When considering these four items (or points), it is helpful to keep in mind that an order to account for a stated value gives rise to judgment debt in the same way as an order providing for compensation for loss, and each type of order may be supplemented with an order for interest.  In terms of the quantum of recovery there is very unlikely ever to be a substantial, if any, disparity between the wrongdoer’s liability to transfer value pursuant to an order to account, and an order to pay compensation for loss.[23]

The attractiveness of Lord Burrows’ first point is, perhaps, rather limited both by its dependence on the correctness of the third point, and because, pace the learned judge, it benefits from a familiar technique for shifting causal emphasis from a later to an earlier event.  The effect produced by that technique is to put the first three points into a self-reinforcing cycle where each depends for its force on viewing the obtention of profit and its dissipation as a single event.  As we shall see, Lord Briggs attacked the notion there was but single event or scheme.

The second point, which is doctrinal and builds on academic thought,[24] treats a constructive trust as a confined, though still generous, remedial response which: “[C]reates the possibility of the claimant being awarded, or choosing, proprietary remedies in respect of identifiable (ie traceable) assets that are effective, and in that sense confer priority on the defendant’s insolvency.”[25]  Of course, these are effects produced by constructive trusts, but the majority considered these should not be the only effects.

Lord Burrows’ most compelling point is, probably, the third.
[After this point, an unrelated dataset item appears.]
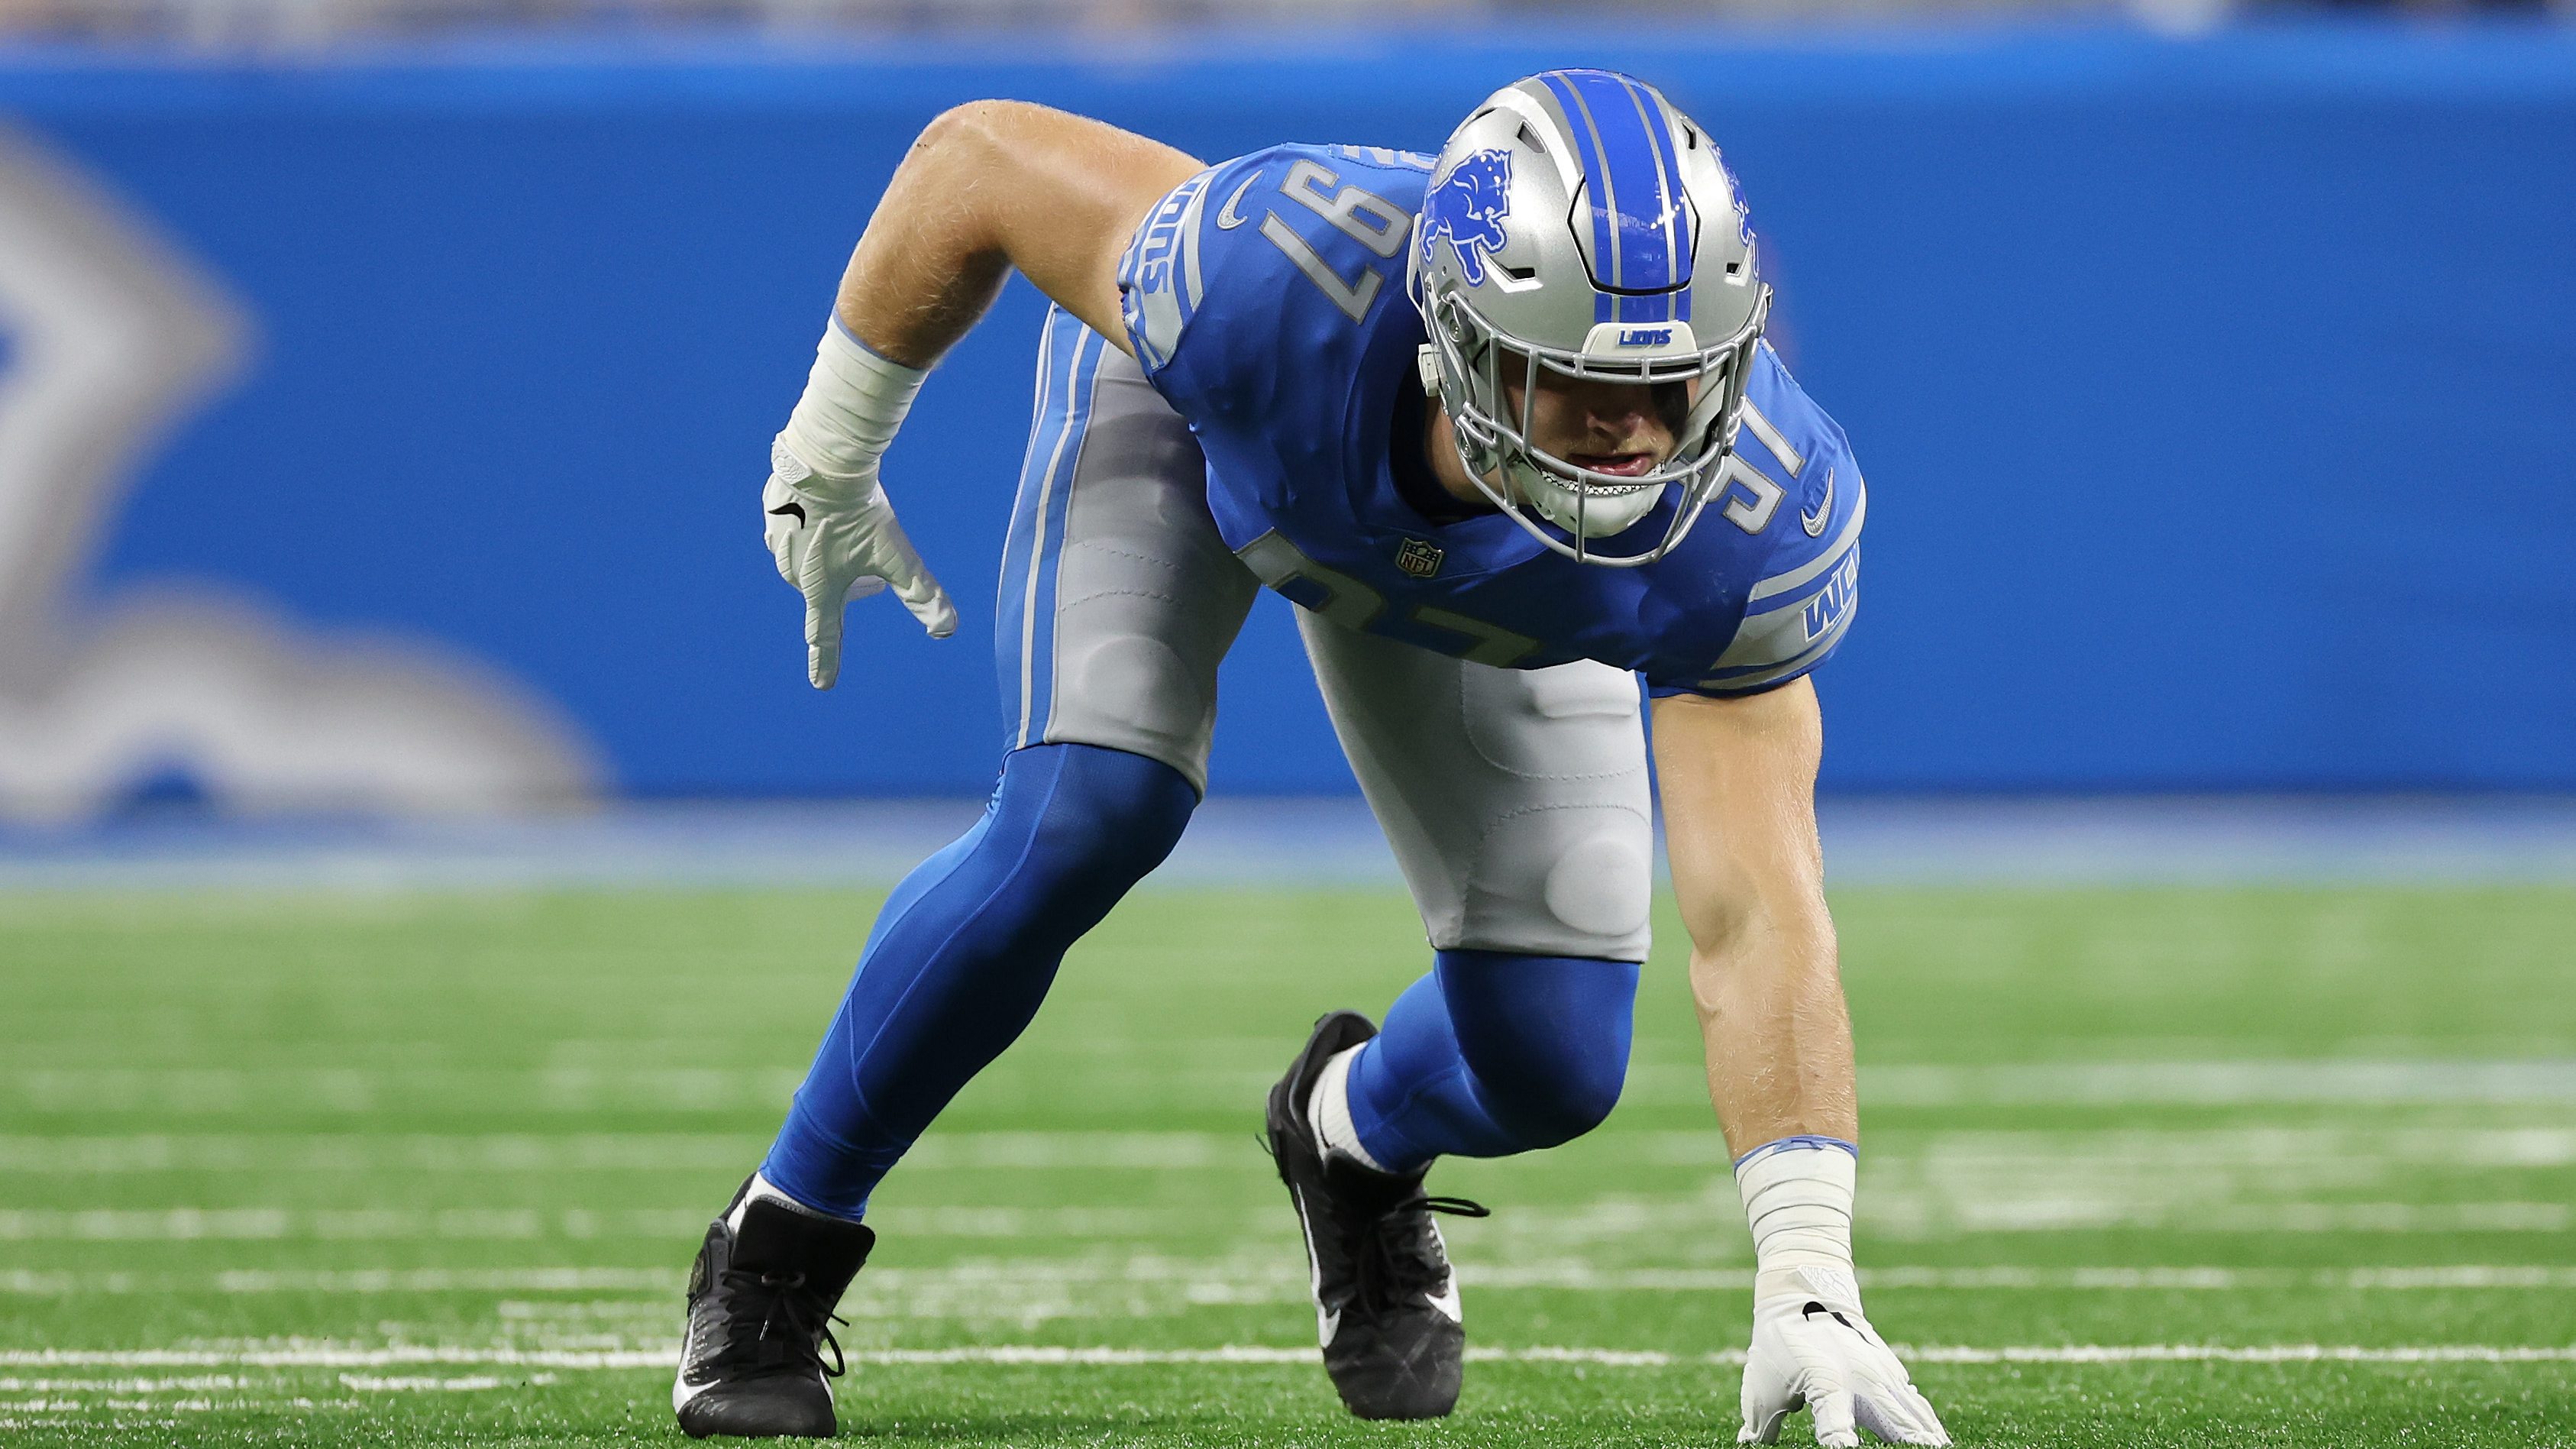 Top Lions draft pick Aidan Hutchinson misses practice with leg injury   mlivecom

It comes down to an observation that the claim for compensation for loss is parasitic upon an omission to account, and if a compensation claim could not have been maintained in isolation it should not be entertained as a derivative.  Once again, however, the point’s force depends on viewing the matter as one scheme.

The fourth point, made notwithstanding that the third point would render election chimerical,[26] is that if (for some reason) election is possible then, if it is not exercised consistently, it risks double-recovery.  Albeit the risk of double-recovery can, of course, be eliminated in other pragmatic ways.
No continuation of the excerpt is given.